Problem requirements: Give an exact copy of the data that follows, but none of its pictures.

Dataset excerpt:
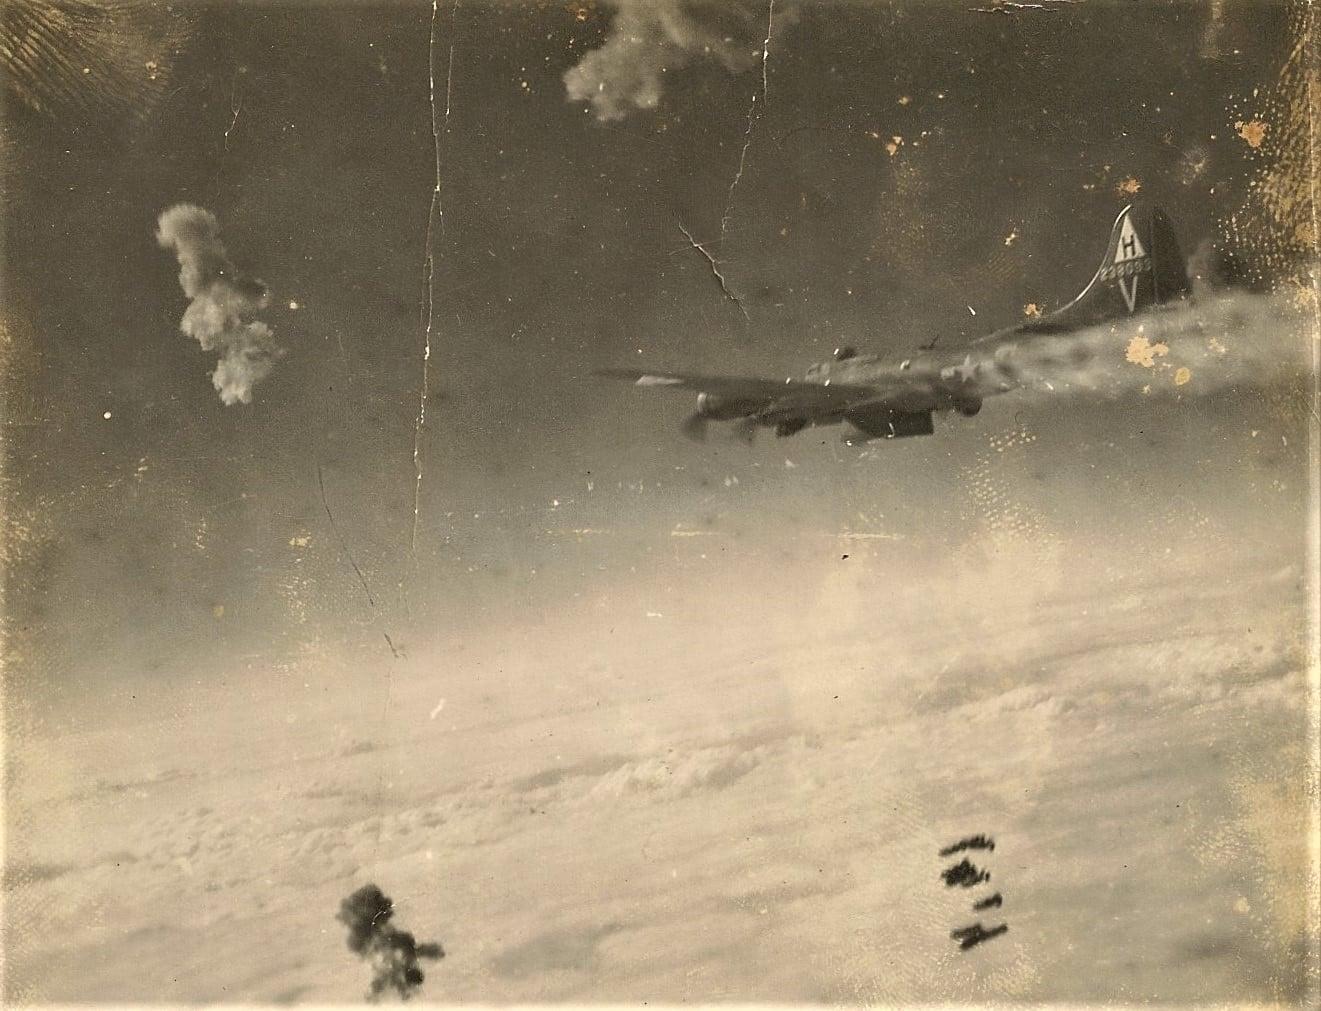 B-17 #42-38093
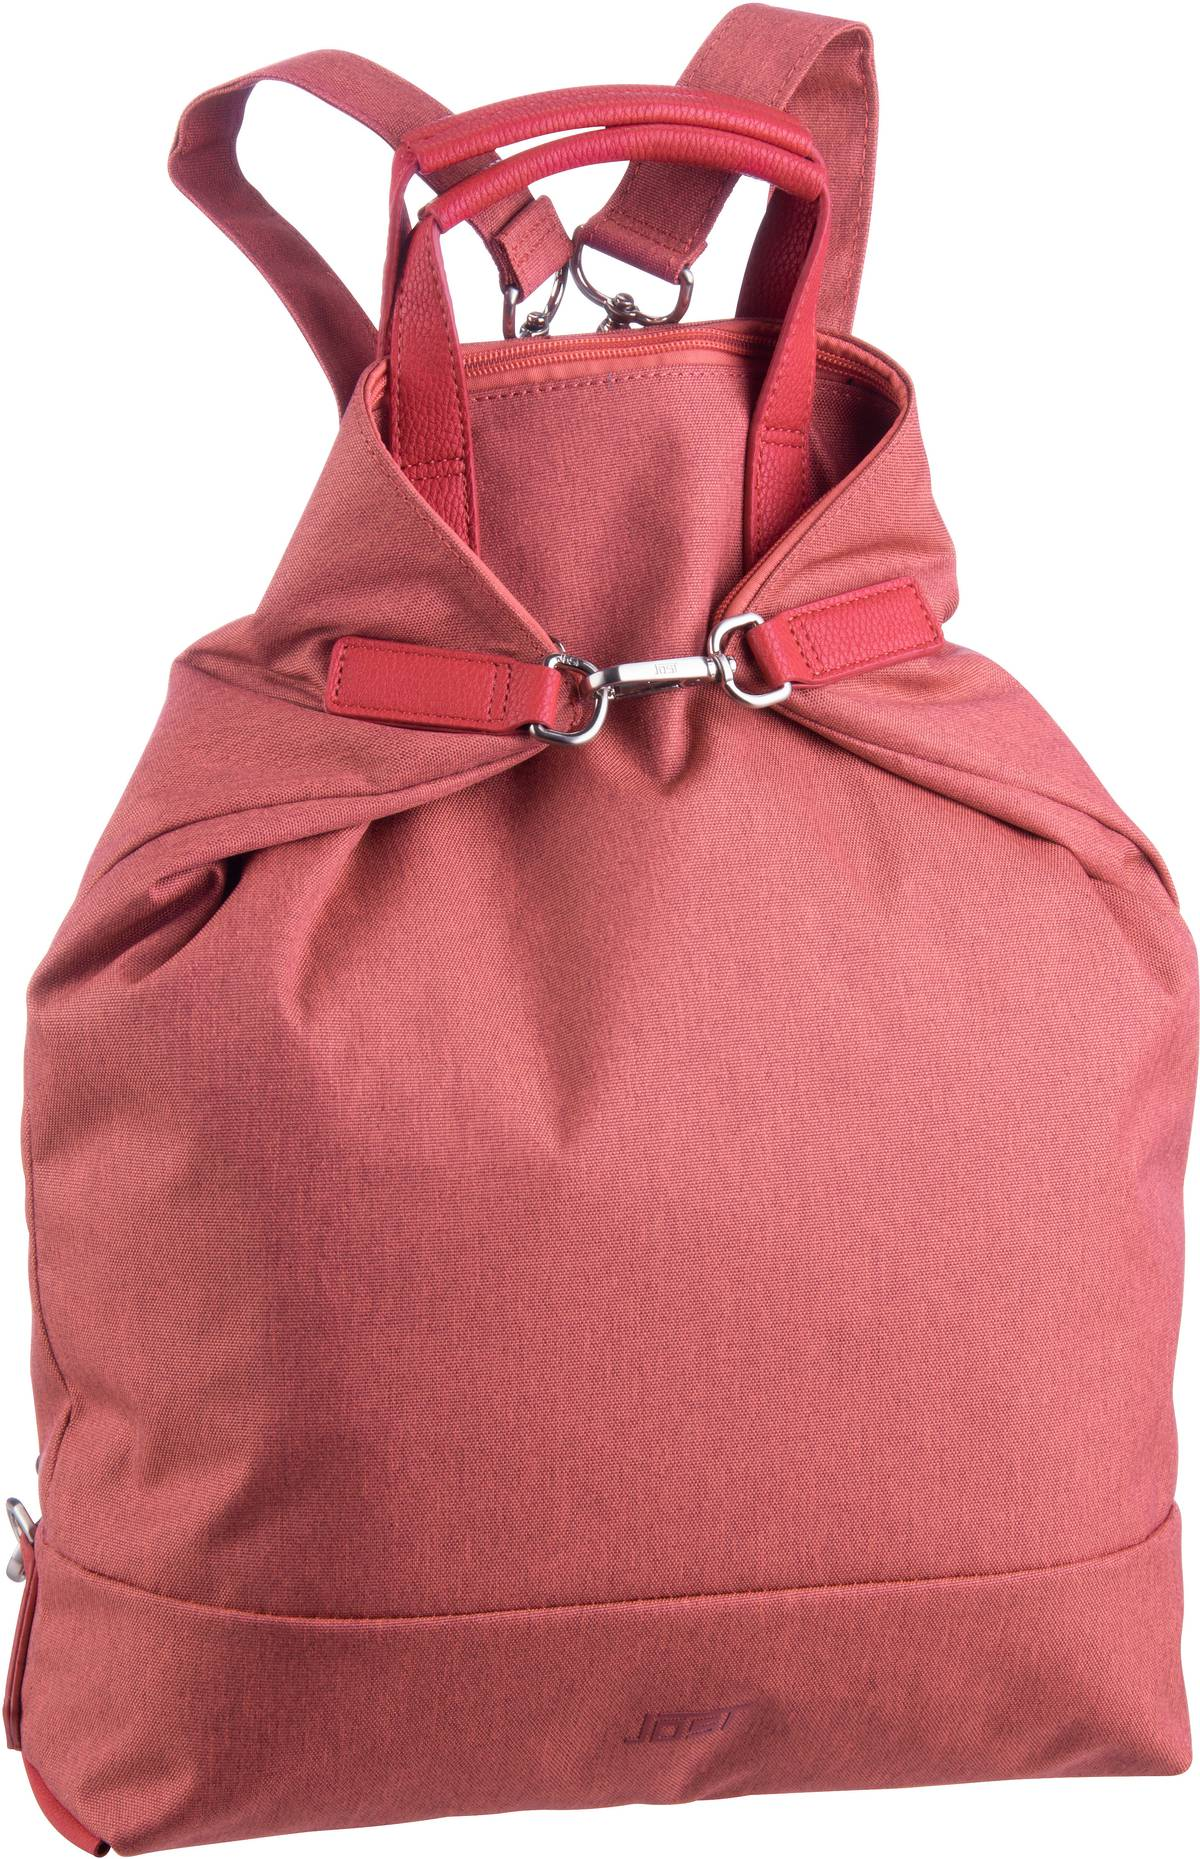 Jost Rucksack / Daypack 1105 X-Change Bag M k
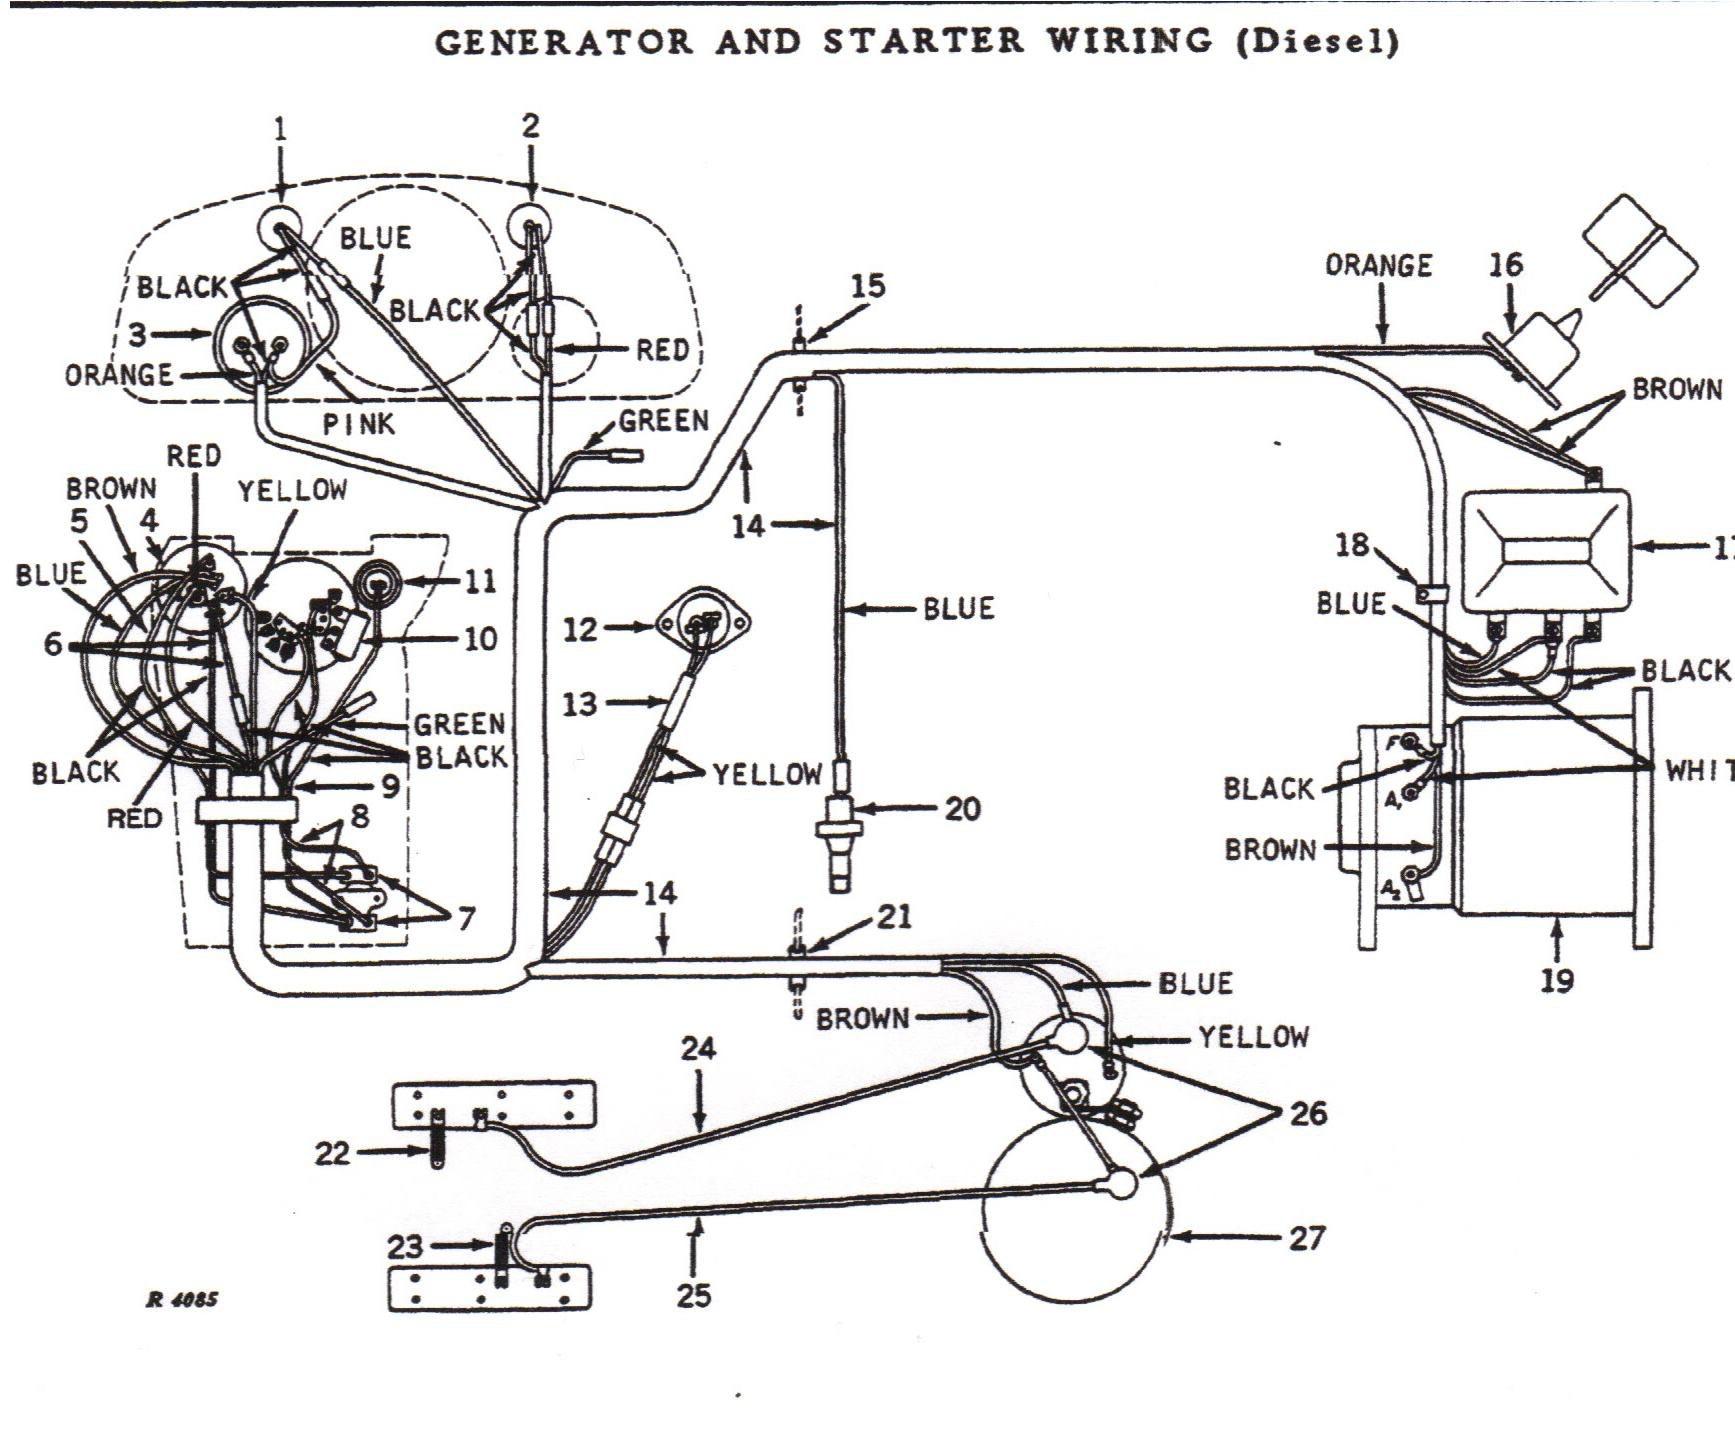 Car Starter Parts Diagram Yamaha G2 Wiring G2a Stx 38 Of

Response:
 B-17 #42-38093
 Jost Rucksack / Daypack 1105 X-Change Bag M k
 Car Starter Parts Diagram Yamaha G2 Wiring G2a Stx 38 Of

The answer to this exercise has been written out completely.